→ PROVIDED INFORMATION:
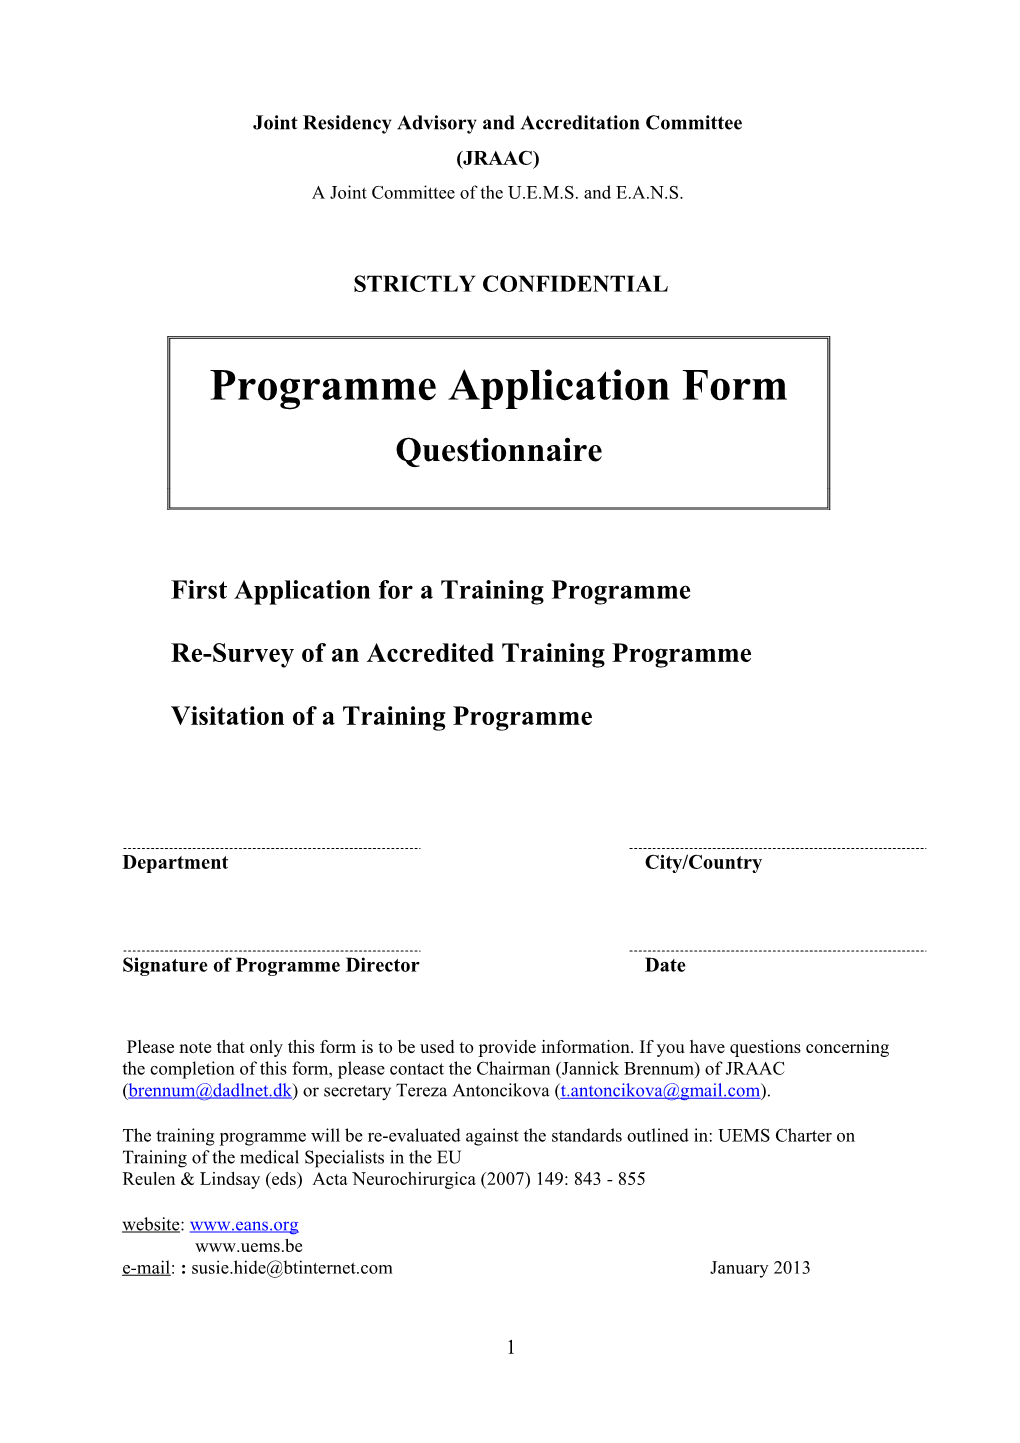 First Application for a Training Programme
...
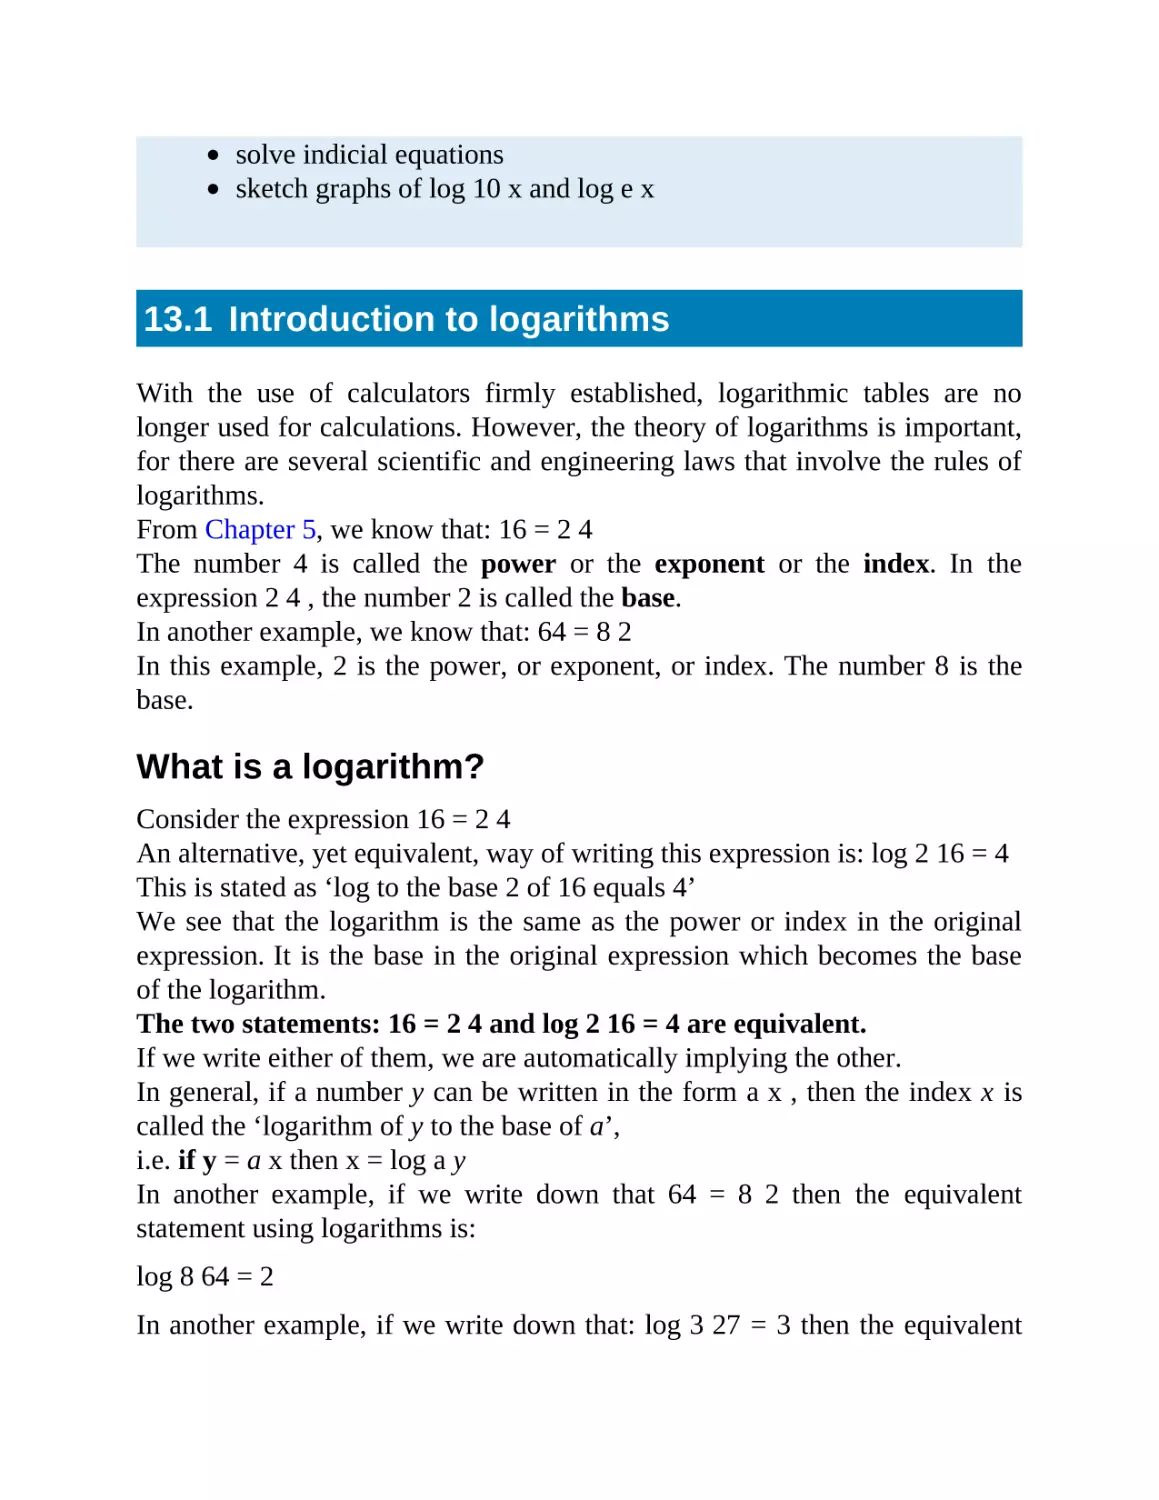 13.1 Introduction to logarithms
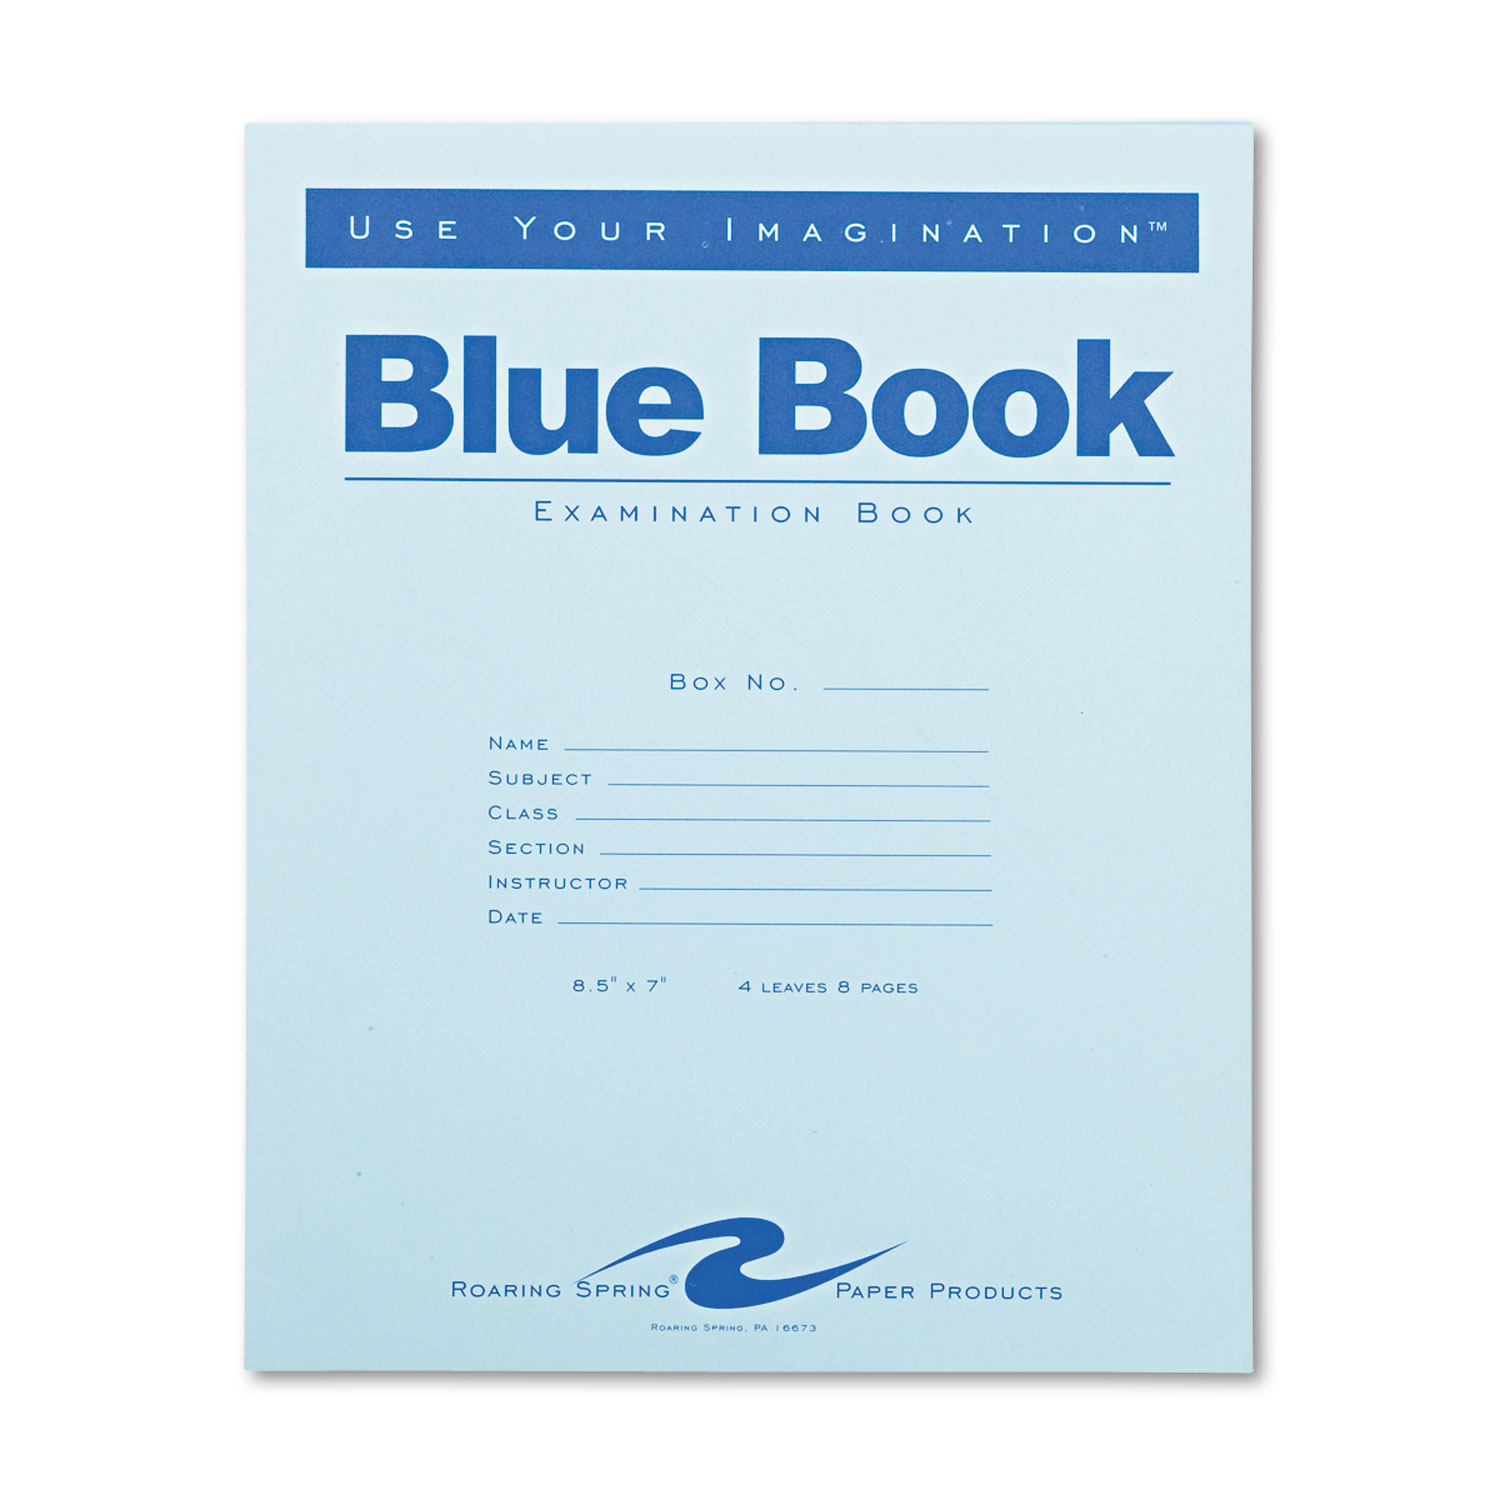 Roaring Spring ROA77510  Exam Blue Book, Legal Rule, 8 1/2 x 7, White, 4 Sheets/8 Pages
---
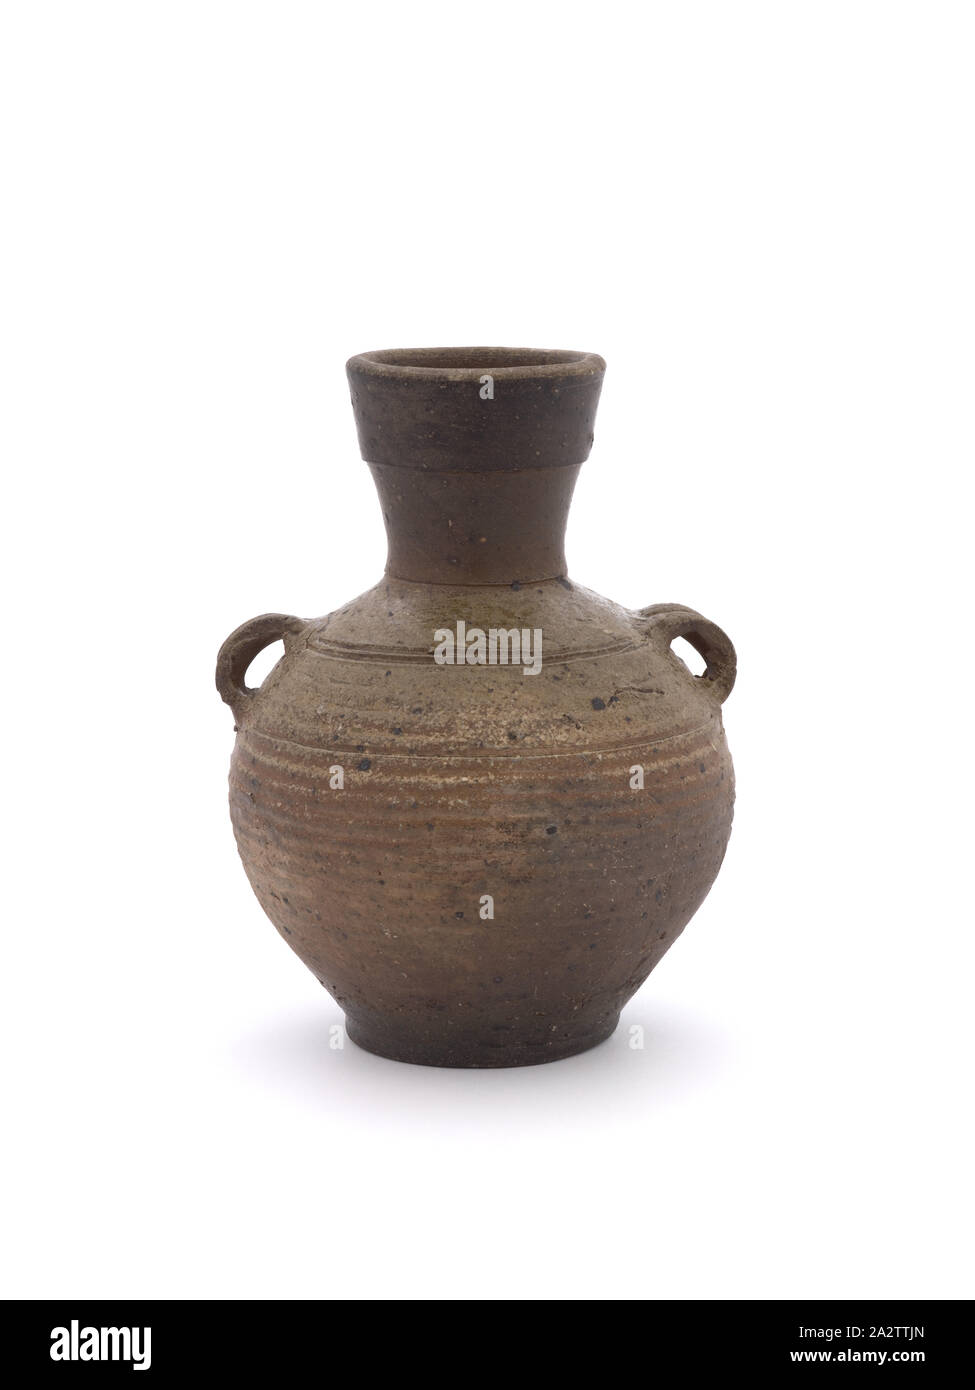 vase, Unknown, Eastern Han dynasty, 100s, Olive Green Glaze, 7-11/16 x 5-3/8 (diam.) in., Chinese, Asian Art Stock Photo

→ TASK STATEMENT:
Print, word for word, the lines above that run from the line containing "13.1 Introduction to logarithms" to the line containing "Roaring Spring ROA77510", both included. Keep the pictures out.

→ SOLVED PROBLEM:
 13.1 Introduction to logarithms
 Roaring Spring ROA77510  Exam Blue Book, Legal Rule, 8 1/2 x 7, White, 4 Sheets/8 Pages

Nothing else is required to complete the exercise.